# Did Bontrager Ever Sell RL Handlebars Like This?



## PoorInRichfield (Nov 30, 2013)

My guess is that Fabian Cancellara can get custom bars if he wants, but I'm wondering if Bontrager ever sold (to the public) the handlebars on his Tour de France bike? They look like RL anatomic bars with holes drilled in them for weight. I want them!!!!


----------



## cxwrench (Nov 9, 2004)

There is nothing like that available through Trek. They don't even offer an 'ergo' bend bar anymore.


----------



## PoorInRichfield (Nov 30, 2013)

I wonder why they don't offer anything with an ergo bend. I just bought some used Bontrager RL bars that do have an ergo bend to replace the bars on my Domane. The ergo bend just feels better with my relatively big hands.


----------



## PoorInRichfield (Nov 30, 2013)

Looks like Trek _did_ sell these bars at one time... look what just popped-up on eBay:

Bontrager Race Lite Handle Bars FSA Mesh Bag | eBay

View attachment 312769


Bummer that they're 42 cm instead of 44 cm... if there we wider, I'd be bidding!


----------



## zvg (Feb 26, 2007)

*Can be found here:*

https://www.ebay.com/itm/263703440667?ul_noapp=true








PoorInRichfield said:


> Looks like Trek _did_ sell these bars at one time... look what just popped-up on eBay:
> 
> Bontrager Race Lite Handle Bars FSA Mesh Bag | eBay
> 
> ...


----------



## 1500SLR (Sep 30, 2018)

Those are ergo bars, Trek did sell them at one point. Cancellara will ride with whatever Cancellara wants to ride with even if its old.


----------



## cxwrench (Nov 9, 2004)

1500SLR said:


> Those are ergo bars, Trek did sell them at one point. Cancellara will ride with whatever Cancellara wants to ride with even if its old.

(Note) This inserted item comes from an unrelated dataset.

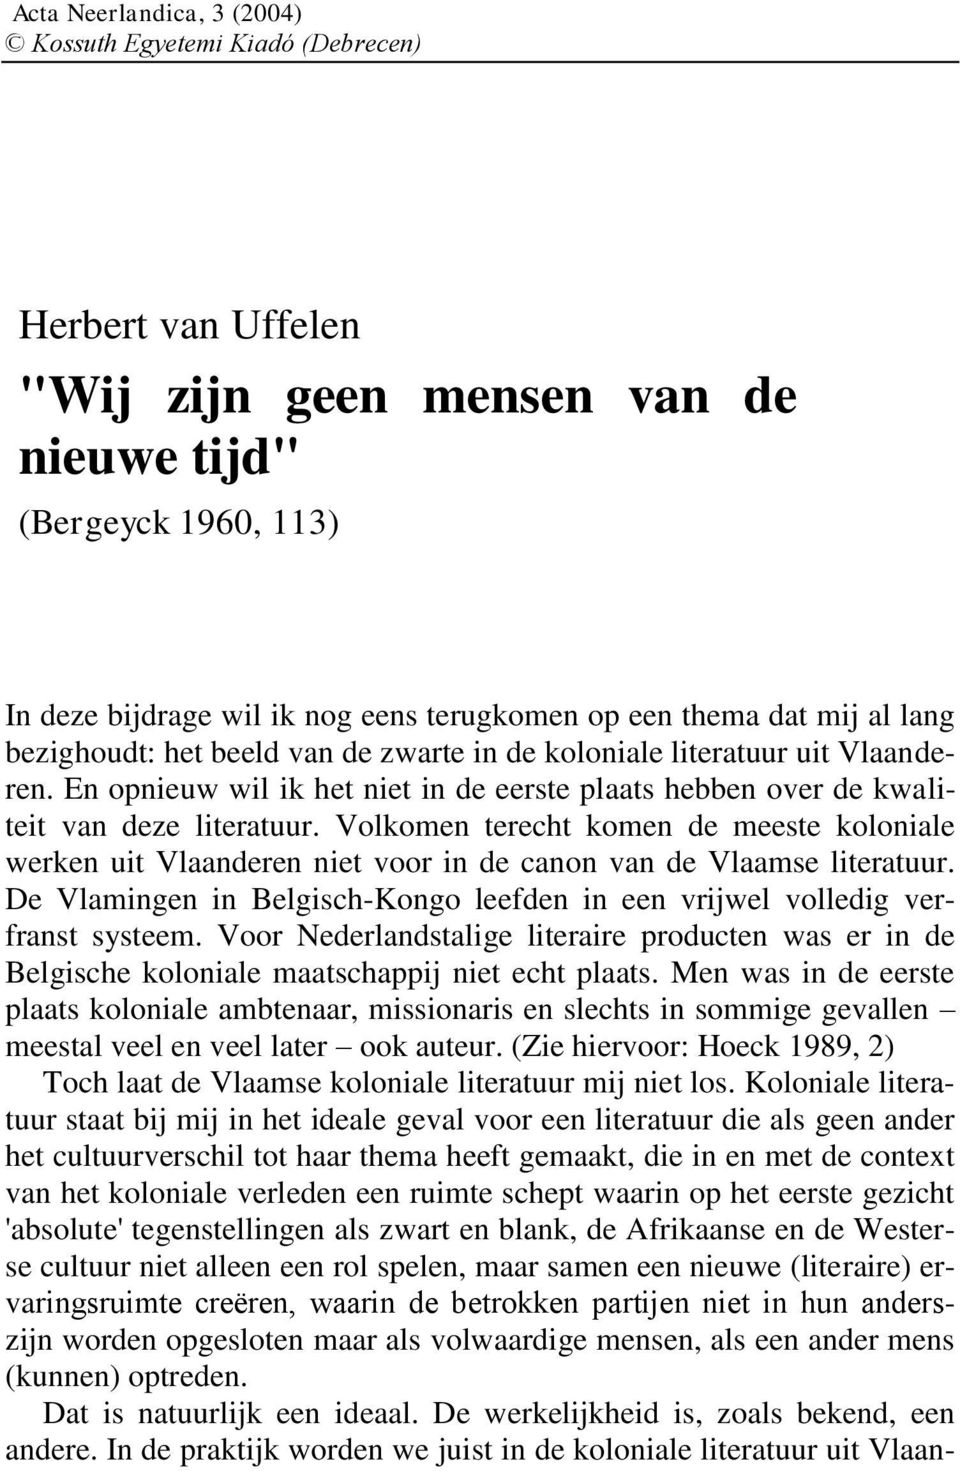 Volkomen terecht komen de meeste koloniale werken uit Vlaanderen niet voor in de canon van de Vlaamse literatuur. De Vlamingen in Belgisch-Kongo leefden in een vrijwel volledig verfranst systeem.

Yeah, that's been covered in this thread a couple times already. That bike was raced in '12 and he's of course retired at this point.


----------



## 1500SLR (Sep 30, 2018)

cxwrench said:


> Yeah, that's been covered in this thread a couple times already. That bike was raced in '12 and he's of course retired at this point.


Someone thought it would be a good idea to bump a 2year old thread. Anyway... Riders will find a way to ride with components of their choice even if it means putting a sticker over it when its a product manufacturer they're not sponsored by. Riders (even guys like LA) maintain sponsorship deals sometimes even if they have retired. In this case that's not the point...

The point which has been covered several times already is that Trek did at least used to make ergo bars. They were one of the options for my 07 1500 SLR. By now they've dropped the RL and RXL denominations altogether and have their Pro, Comp, and Elite denominations before you get to XXX Lite at the top.


----------